PROVIDED MATERIAL:
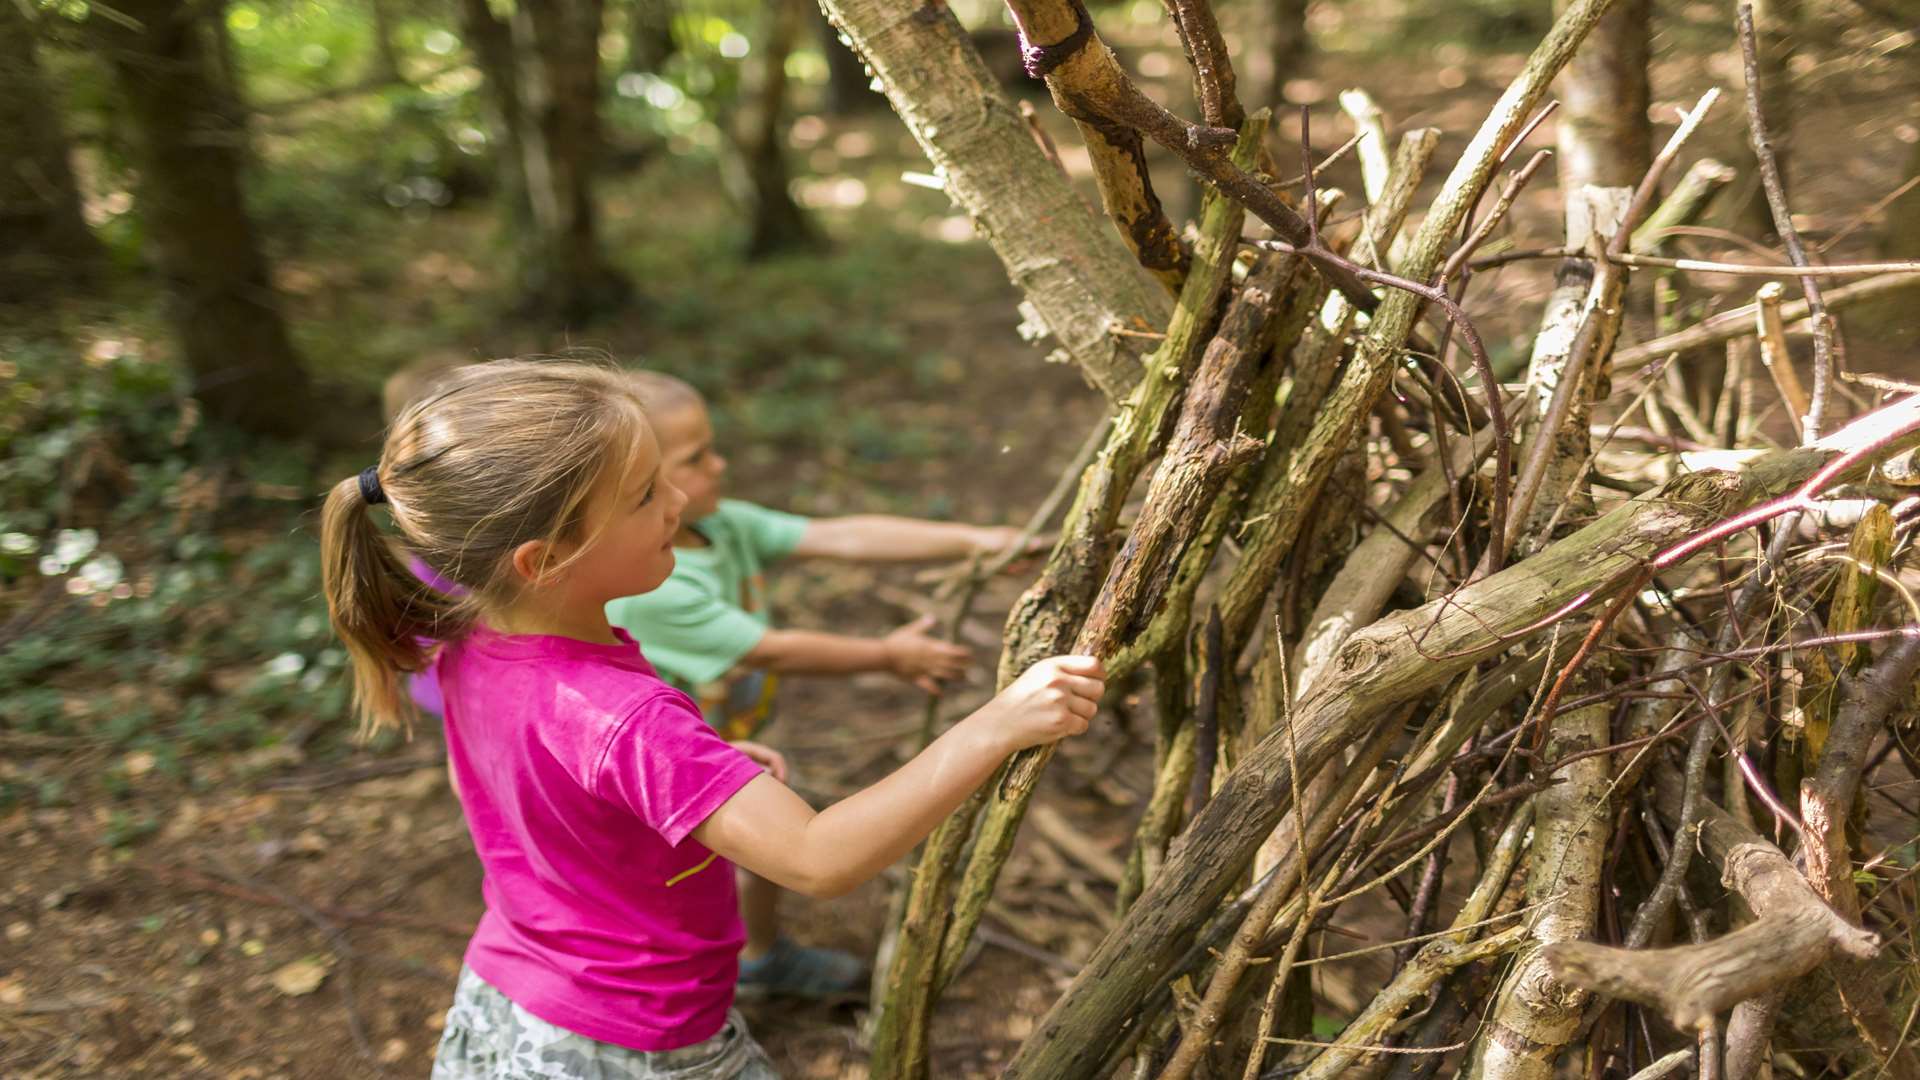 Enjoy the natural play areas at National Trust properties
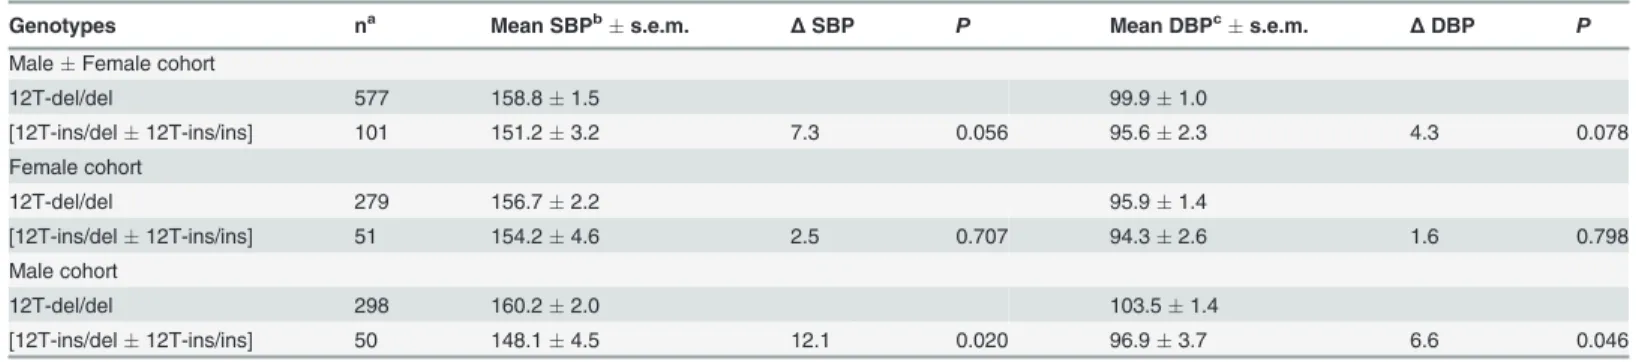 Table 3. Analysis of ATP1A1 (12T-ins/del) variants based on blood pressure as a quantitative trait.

...

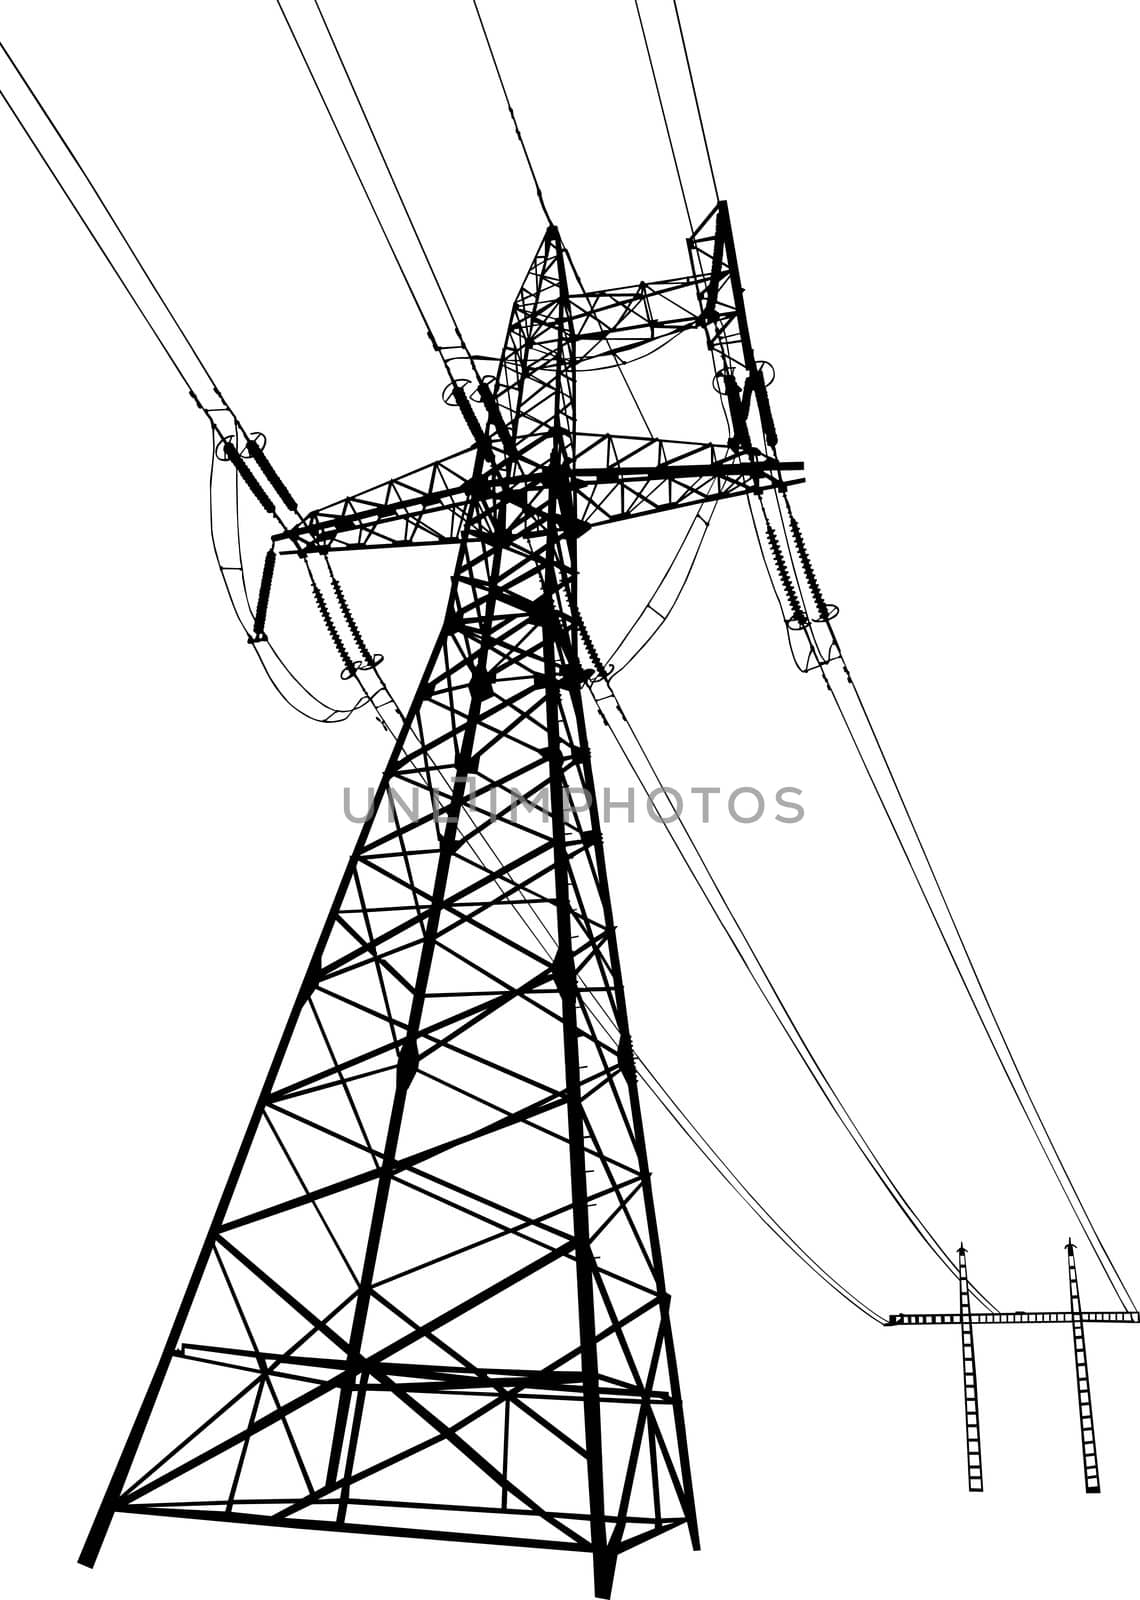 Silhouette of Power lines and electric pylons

WORK ITEM: Beginning with the line above that has "Enjoy the natural" and going on through the line that has "Table 3. Analysis", retype every line exactly and add nothing else; drop the pictures.

ANSWER FOR THIS EXERCISE:
 Enjoy the natural play areas at National Trust properties
 Table 3. Analysis of ATP1A1 (12T-ins/del) variants based on blood pressure as a quantitative trait.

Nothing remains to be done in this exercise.